In practice it seemed not very likely to me that anyone would want
to handle these differently to `Other`.
ENOMEM ERANGE EDOM EOVERFLOW
Normally these don't get exposed to the Rust callers I hope. They
don't tend to come out of filesystem APIs.
EILSEQ
Hopefully Rust libraries open files in binary mode and do the
converstion in Rust. So Rust code ought not to be exposed to
EILSEQ.
EIO
The range of things that could cause this is troublesome. I found
it difficult to describe. I do think it would be useful to add this
at some point, because EIO on a filesystem operation is much more
serious than most other errors.
ENETDOWN
I wasn't sure if this was useful or, indeed, if any modern systems
use it.
ENOEXEC
It is not clear to me how a Rust program could respond to this. It
seems rather niche.
EPROTO ENETRESET ENODATA ENOMSG ENOPROTOOPT ENOSR ENOSTR ETIME
ENOTRECOVERABLE EOWNERDEAD EBADMSG EPROTONOSUPPORT EPROTOTYPE EIDRM
These are network or STREAMS related errors which I have never in
my own Unix programming found the need to do anything with. I think
someone who understands these better should be the one to try to
find good Rust names and descriptions for them.

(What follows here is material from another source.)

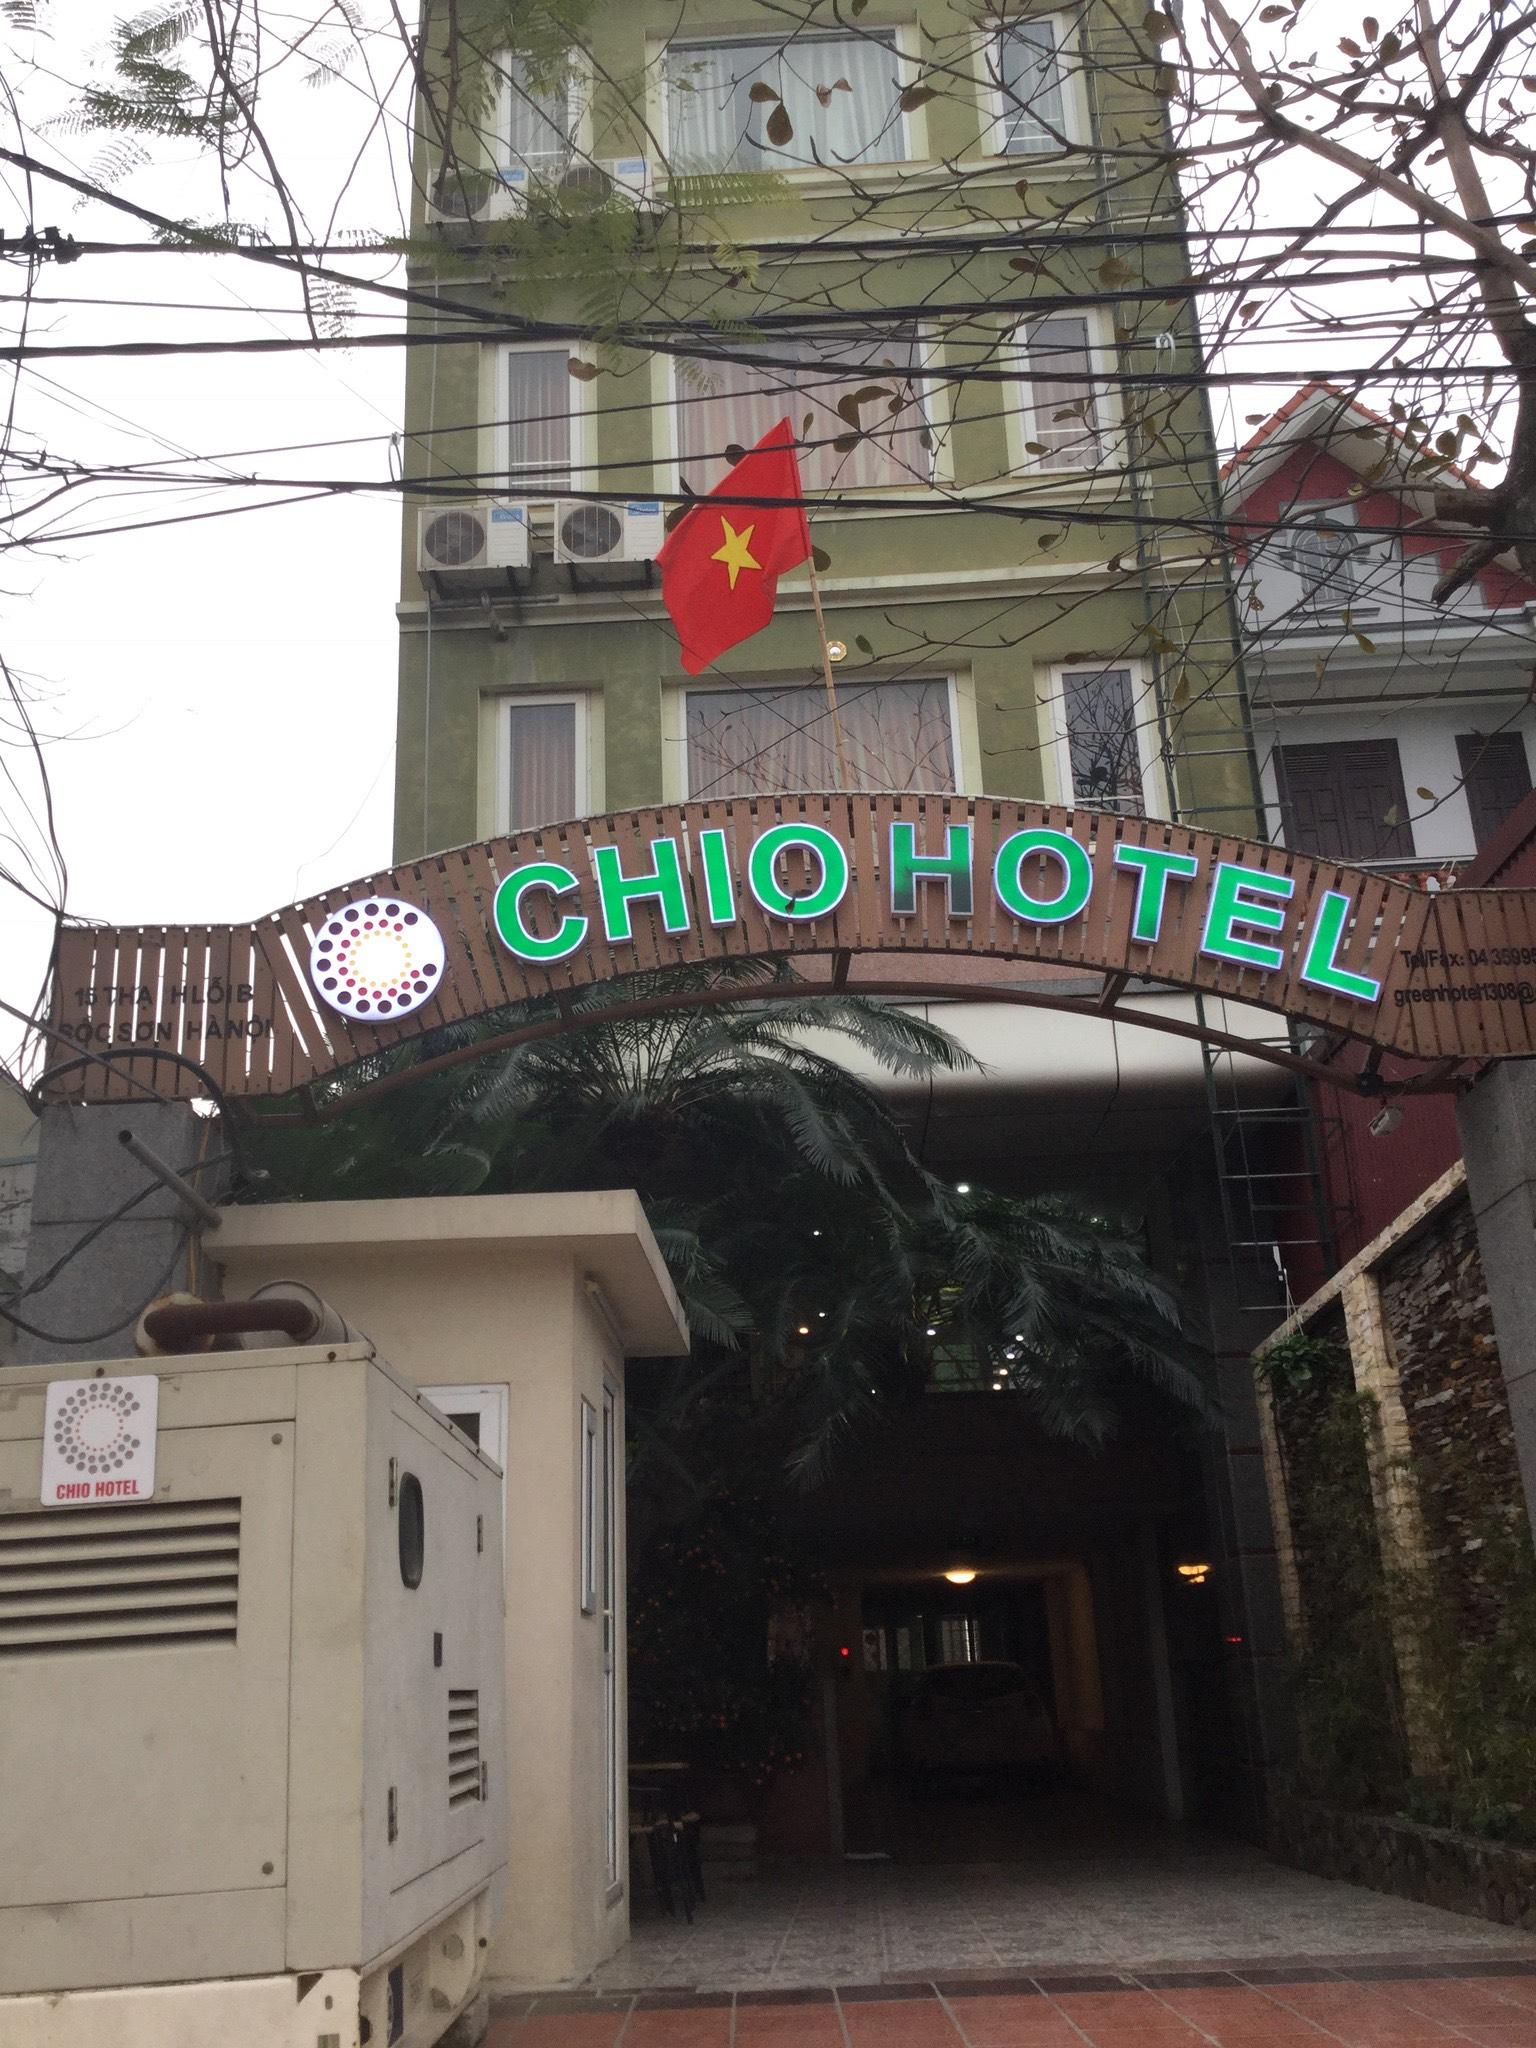 Chio Hotel and Apartment, Sóc Sơn

ENOTTY ENXIO ENODEV EOPNOTSUPP ESRCH EALREADY ECANCELED ECHILD
EINPROGRESS
These are very hard to get unless you're already doing something
very Unix-specific, in which case the raw_os_error interface is
probably more suitable than relying on the Rust ErrorKind mapping.
EFAULT EBADF
These would seem to be the result of application UB.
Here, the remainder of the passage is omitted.